[[ SUPPLIED MATERIAL open ]]
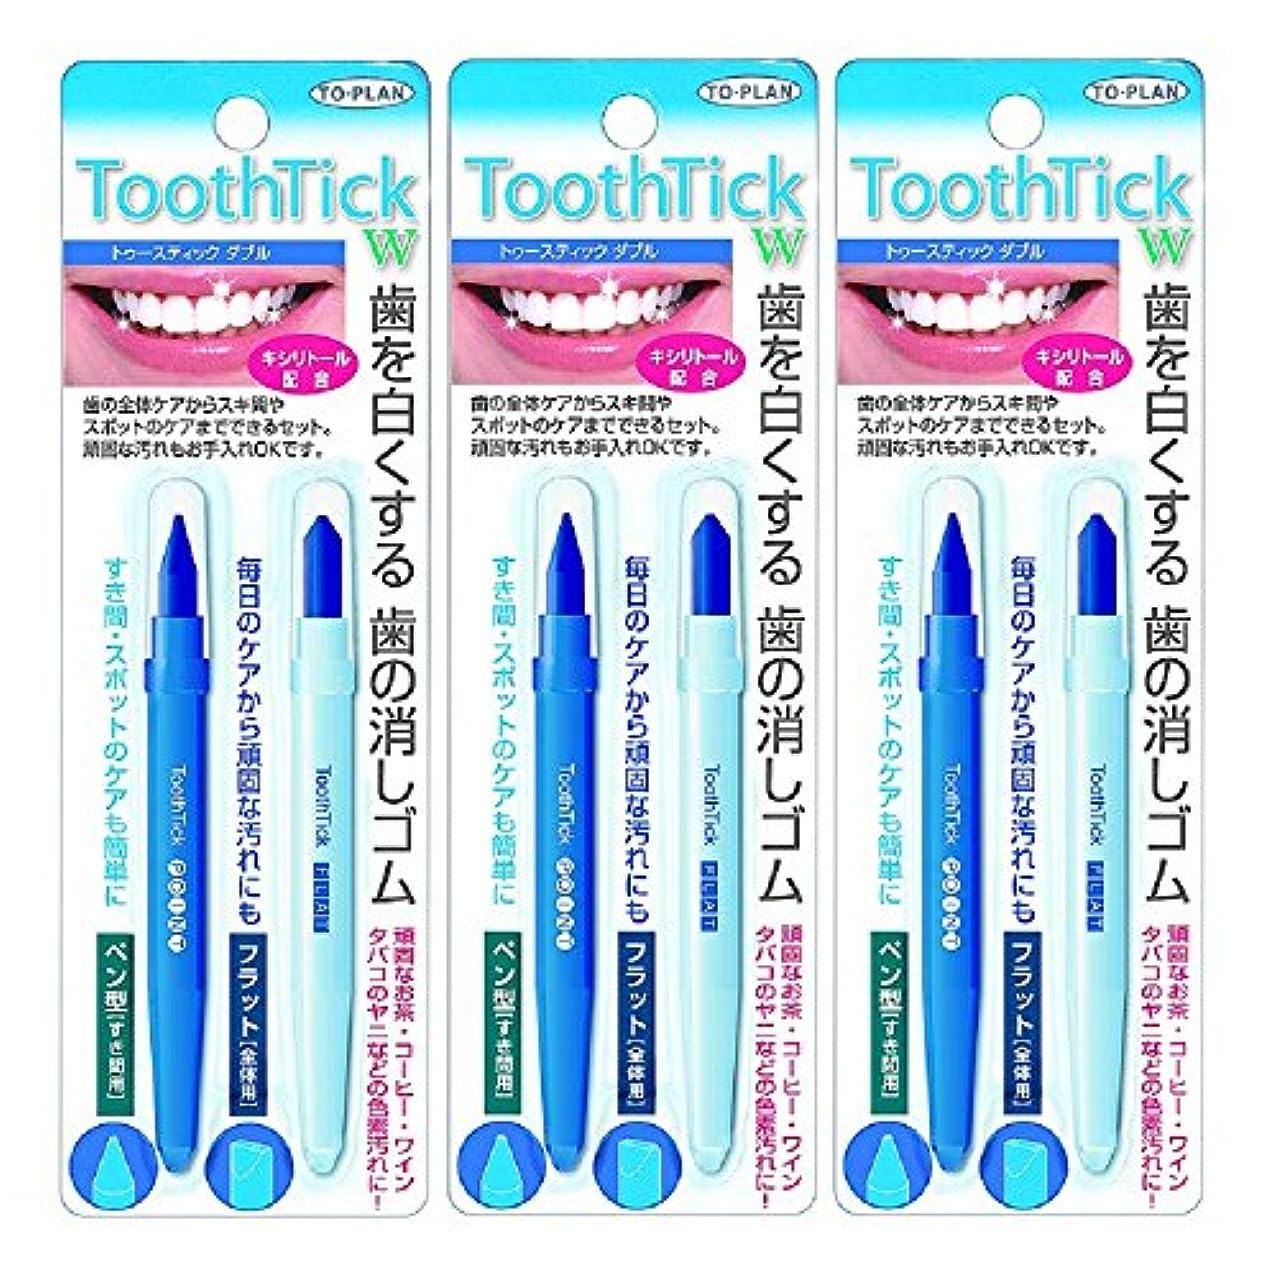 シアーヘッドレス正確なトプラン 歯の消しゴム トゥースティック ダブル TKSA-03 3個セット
[[ SUPPLIED MATERIAL closed ]]
[[ SUPPLIED MATERIAL open ]]
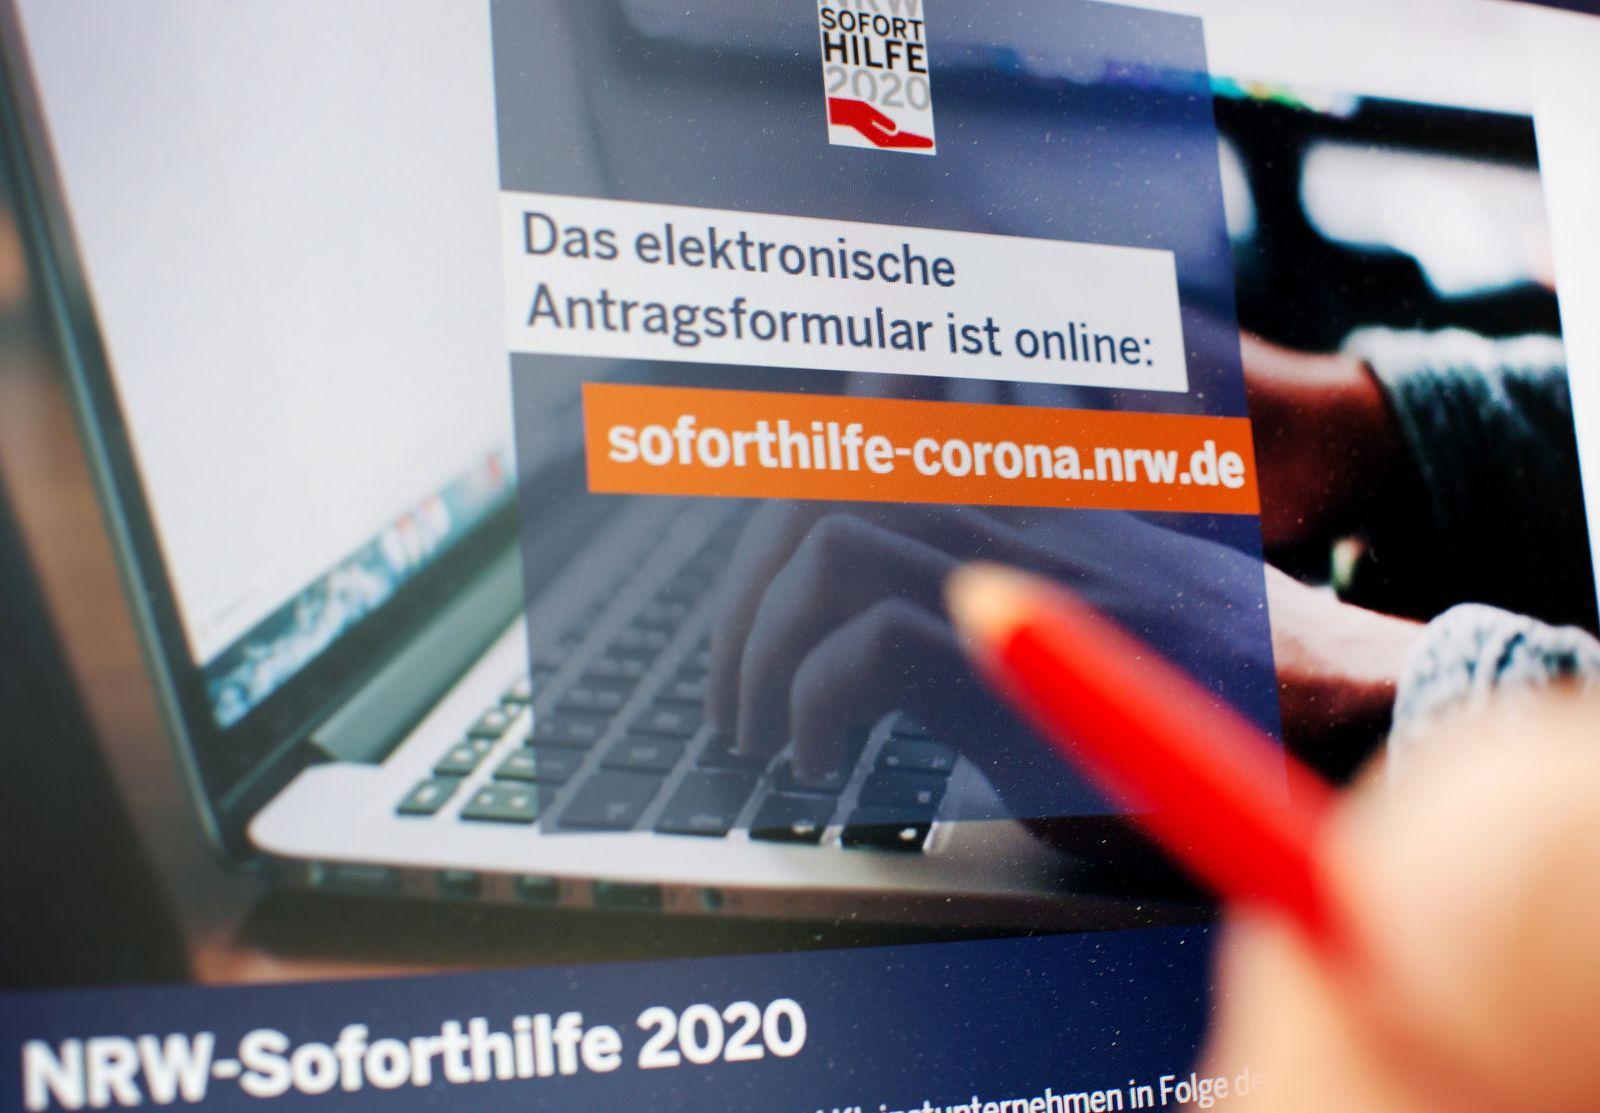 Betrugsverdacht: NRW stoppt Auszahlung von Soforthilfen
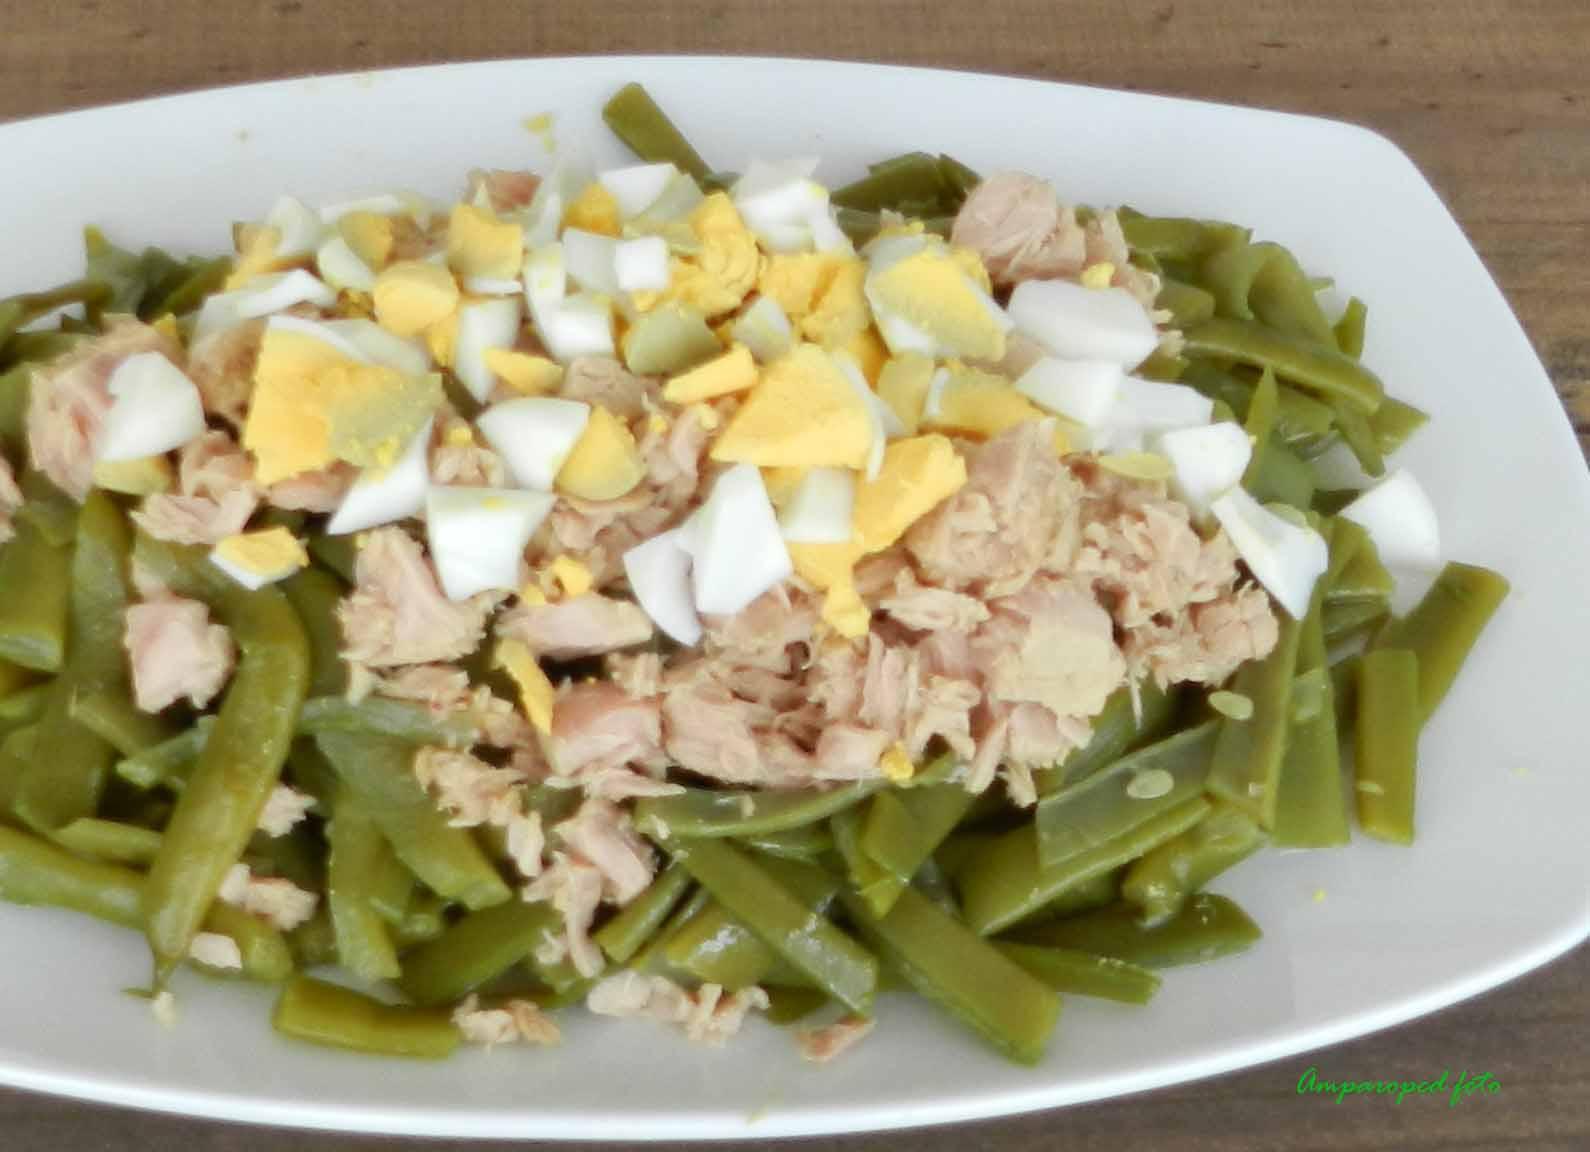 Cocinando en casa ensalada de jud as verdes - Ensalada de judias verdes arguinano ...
[[ SUPPLIED MATERIAL closed ]]
_EXERCISE OBJECTIVE_
Working from the entries above, please transcribe only the lines from the line with "Betrugsverdacht: NRW stoppt" through the line with "Cocinando en casa", exactly, with both end lines and without pictures.

_RESPONSE TO THE TASK_
 Betrugsverdacht: NRW stoppt Auszahlung von Soforthilfen
 Cocinando en casa ensalada de jud as verdes - Ensalada de judias verdes arguinano ...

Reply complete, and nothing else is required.